Some of the techniques which civilizations have implemented to cope with pandemics are also described in archaeological and literary. These included burning settlements as a disinfectant and shifting settlements to new locations. Social distancing was practised by dispersing settlements.

Archaeologists’ findings at Mwenezi in southern Zimbabwe also show that it was a taboo to touch or interfere with remains of the dead, lest diseases are transmitted in this way. In the late 1960s, some members of an archaeological dig excavating 13th-century house floors in Phalaborwa, South Africa, refused to keep working after encountering burials they believed were sacred. They also worried that the burials were related to a disease outbreak.

Social distancing and isolation have become watchwords during the COVID-19 pandemic. From archaeology, we know that the same practices formed a critical part of managing pandemics in historical African societies.

In what is Zimbabwe today, the Shona people in the 17th and 18th centuries isolated those suffering from infectious diseases – such as leprosy – in temporary residential structures. This meant that very few people could come into contact with the sick. In some cases, corpses were burnt to avoid spreading the contagion.

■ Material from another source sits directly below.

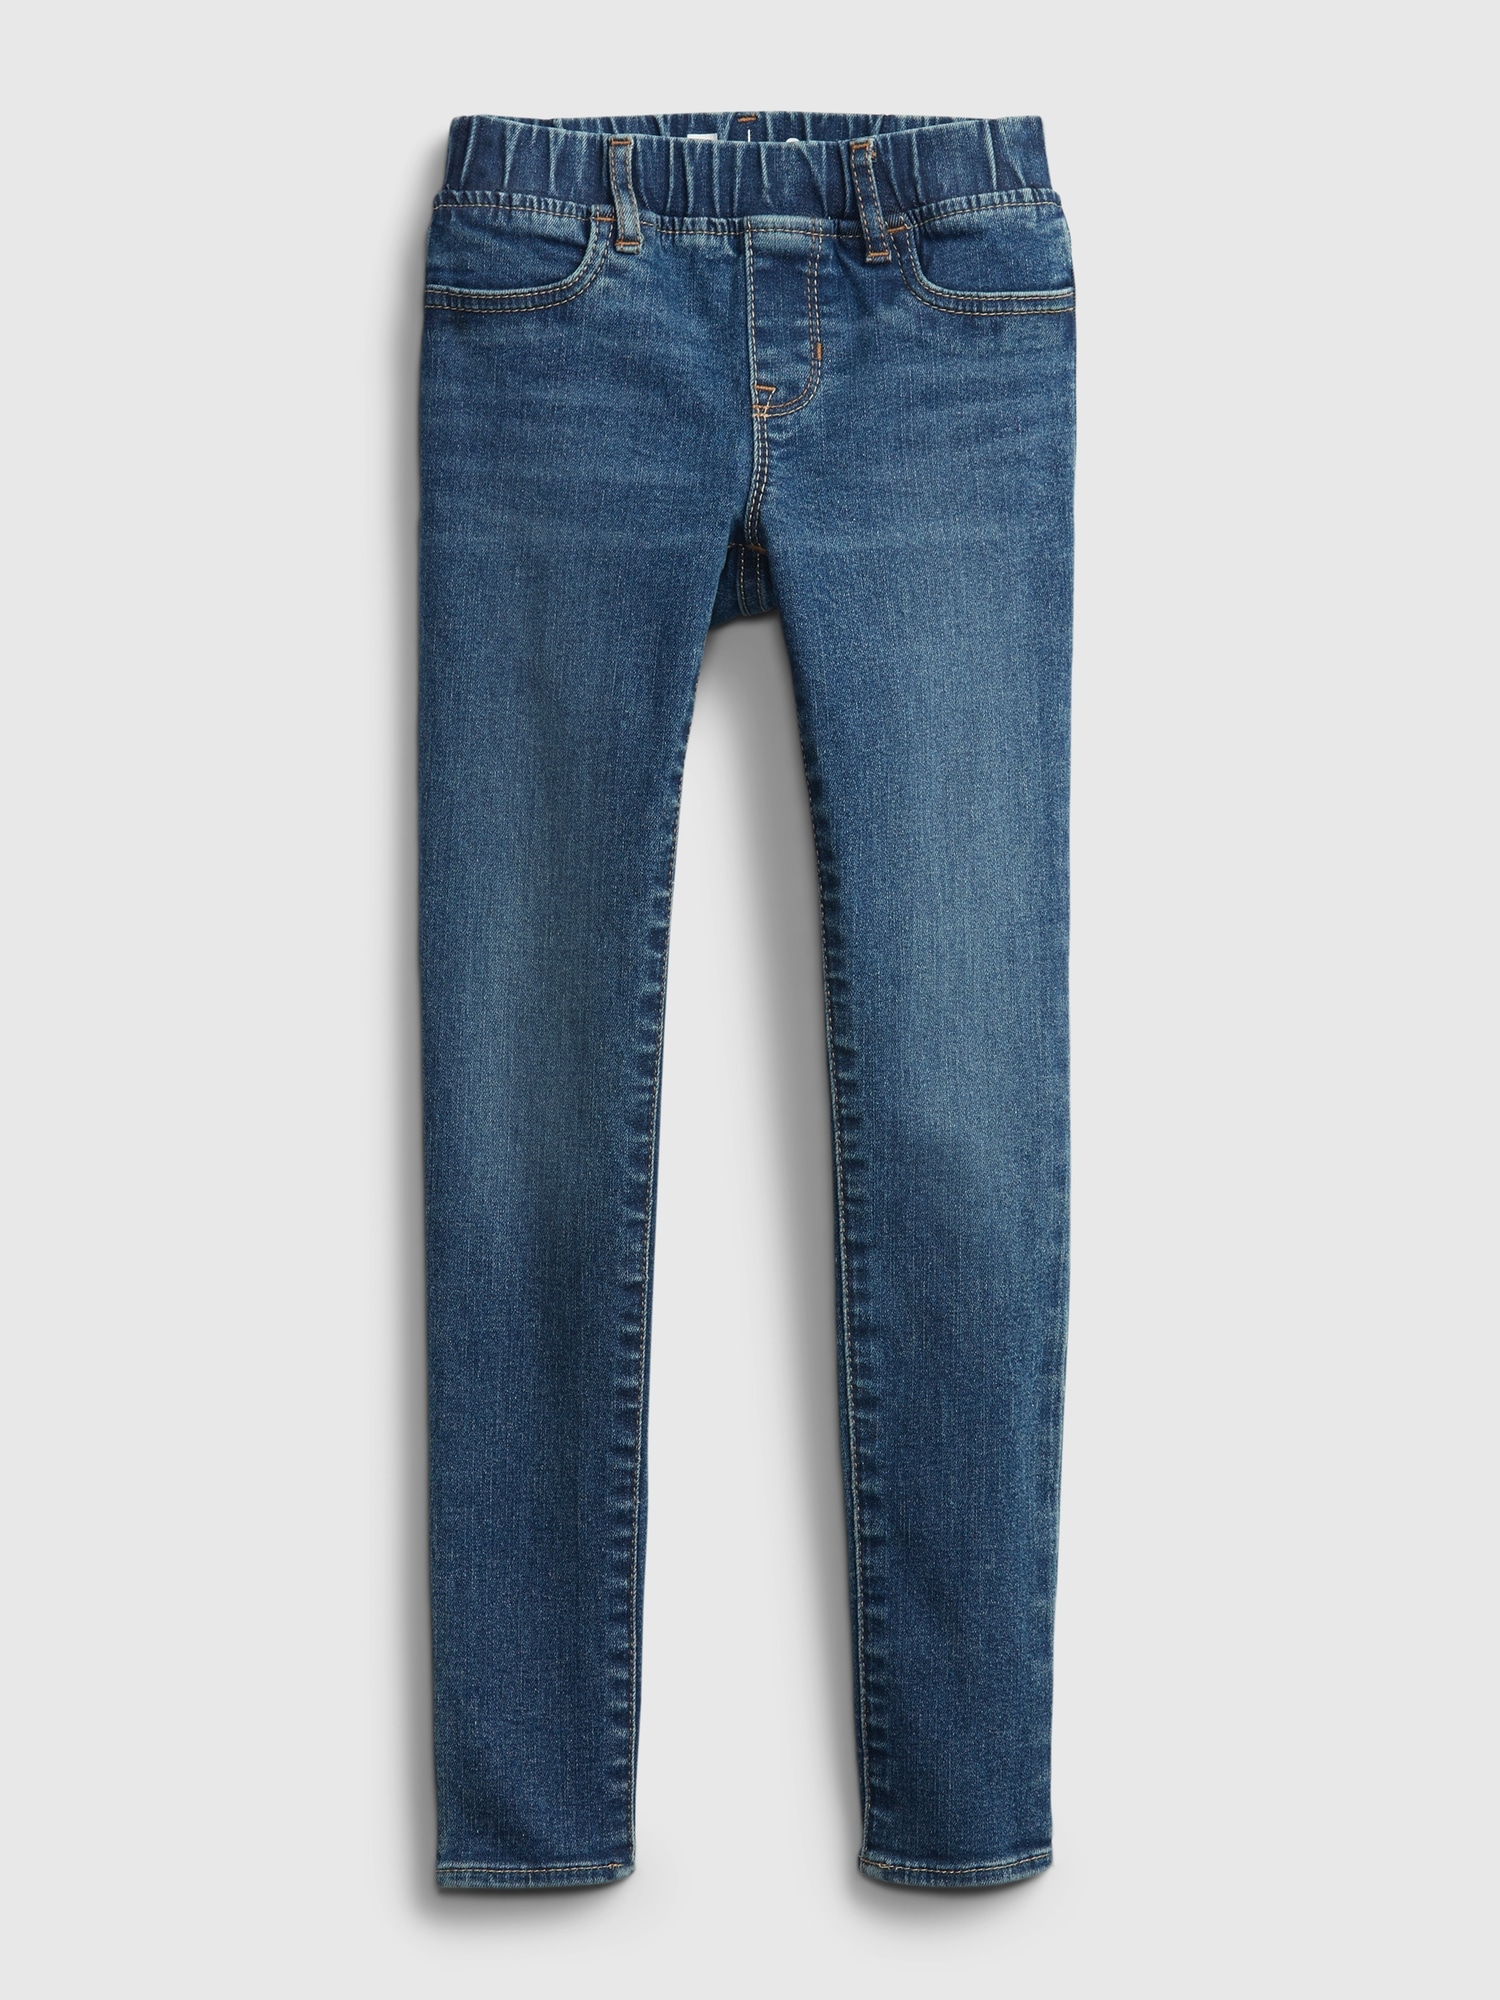 njshnmn Women's Plus Size The No-Gap Jegging Pull On Jeans Denim

Humans have a propensity to relax and shift priorities once calamities are over. Data collected by archaeologists, that show how indigenous knowledge systems helped ancient societies in Africa deal with the shock of illness and pandemics, can help remind policymakers of different ways to prepare modern societies for the same issues.

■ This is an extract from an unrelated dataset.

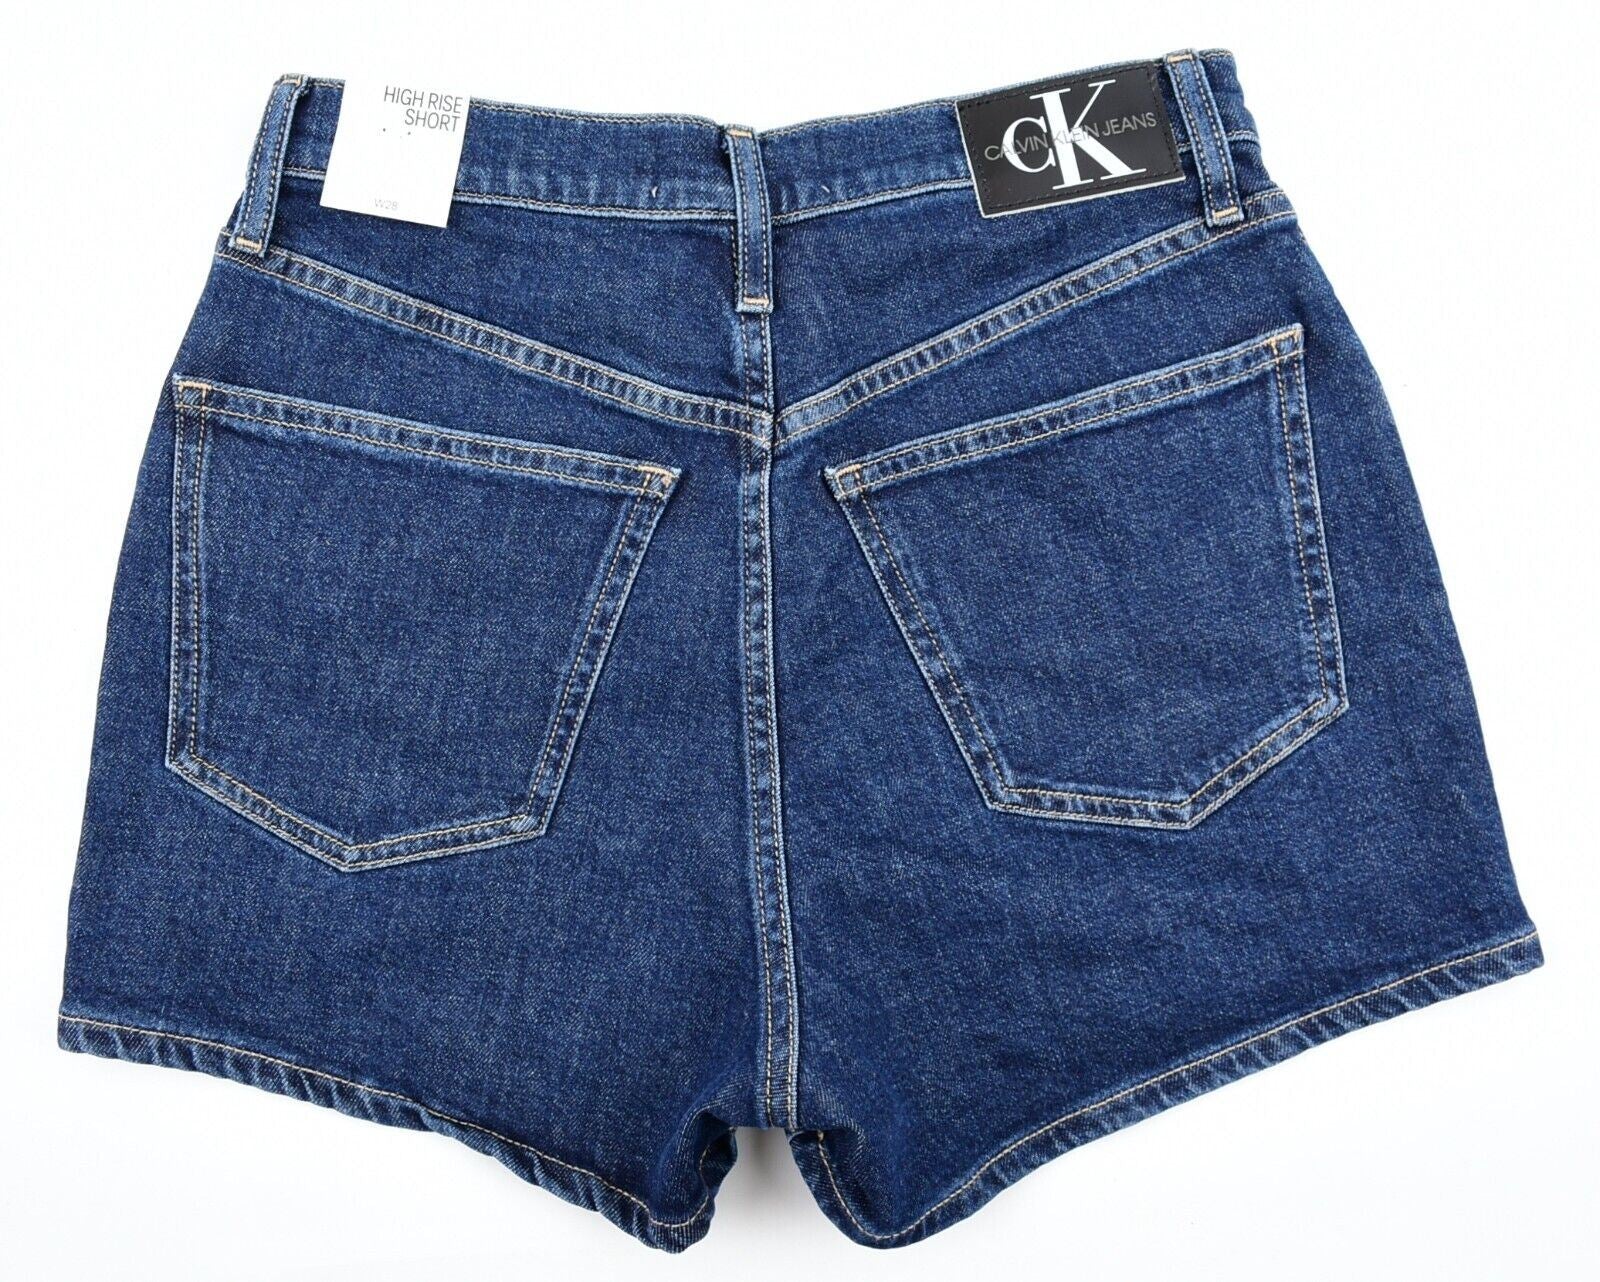 CALVIN KLEIN JEANS Womens High Waist Denim Shorts, Blue, size W28

Social distancing and isolation

Research at the early urban settlement of K2, part of the Mapungubwe World Heritage site, has thrown significant light on ancient pandemics.

The inhabitants of K2 (which dates back to between AD1,000 and AD1,200) thrived on crop agriculture, cattle raising, metallurgy, hunting and collecting food from the forest. They had well developed local and regional economies that fed into international networks of exchange with the Indian Ocean rim. Swahili towns of East Africa acted as conduits.

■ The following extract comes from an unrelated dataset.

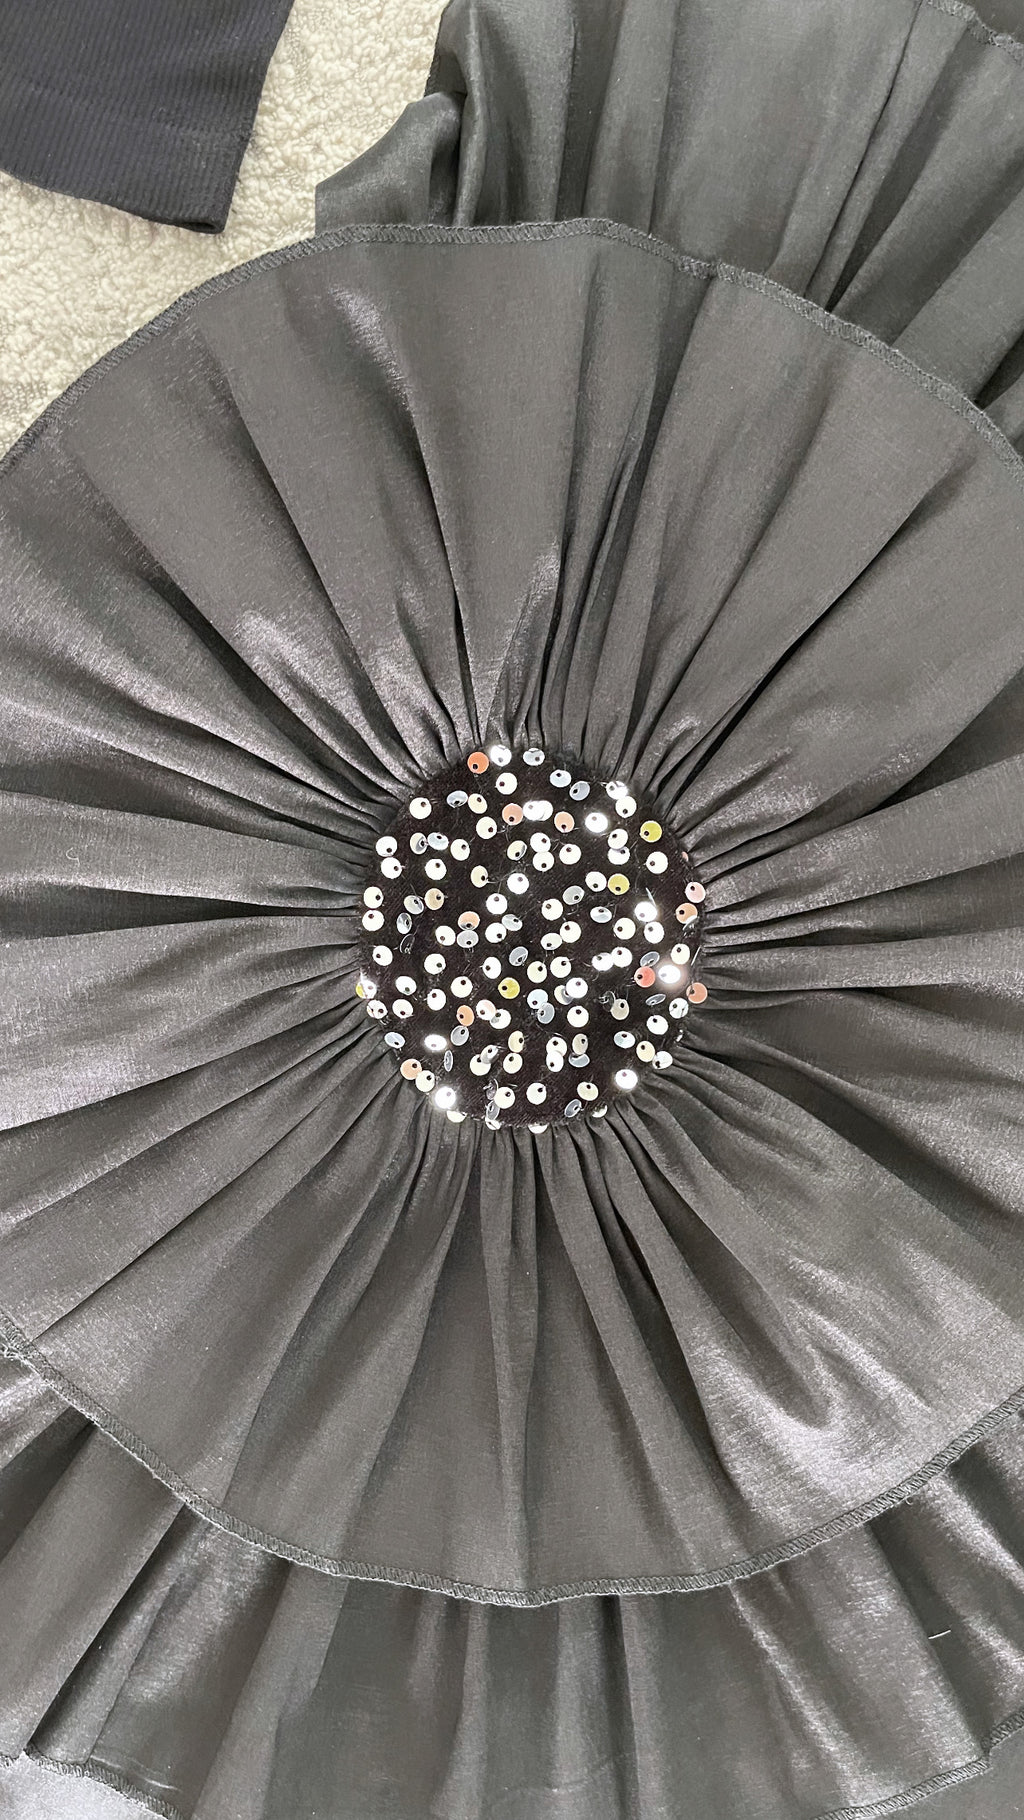 Bloomed pencil skirt

Archaeological work at K2 uncovered an unusually high number of burials (94), 76 of which belonged to infants in the 0-4 age category. This translated into a mortality rate of 5%. The evidence from the site shows that the settlement was abruptly abandoned around the same time as these burials. That means a pandemic prompted the community’s decision to shift to another settlement.

Shifting to another region of Africa, archaeological work at early urban settlements in central and southern Ghana identified the impact of pandemics at places such Akrokrowa (AD950 – 1300) and Asikuma-Odoben-Brakwa in the central district of Ghana.

These settlements, like others in the Birim Valley of southern Ghana, were bounded by intricate systems of trenches and banks of earth. Evidence shows that after a couple of centuries of continuous and stable occupation, settlements were abruptly abandoned. The period of abandonment appears to coincide with the devastation of the Black Death in Europe.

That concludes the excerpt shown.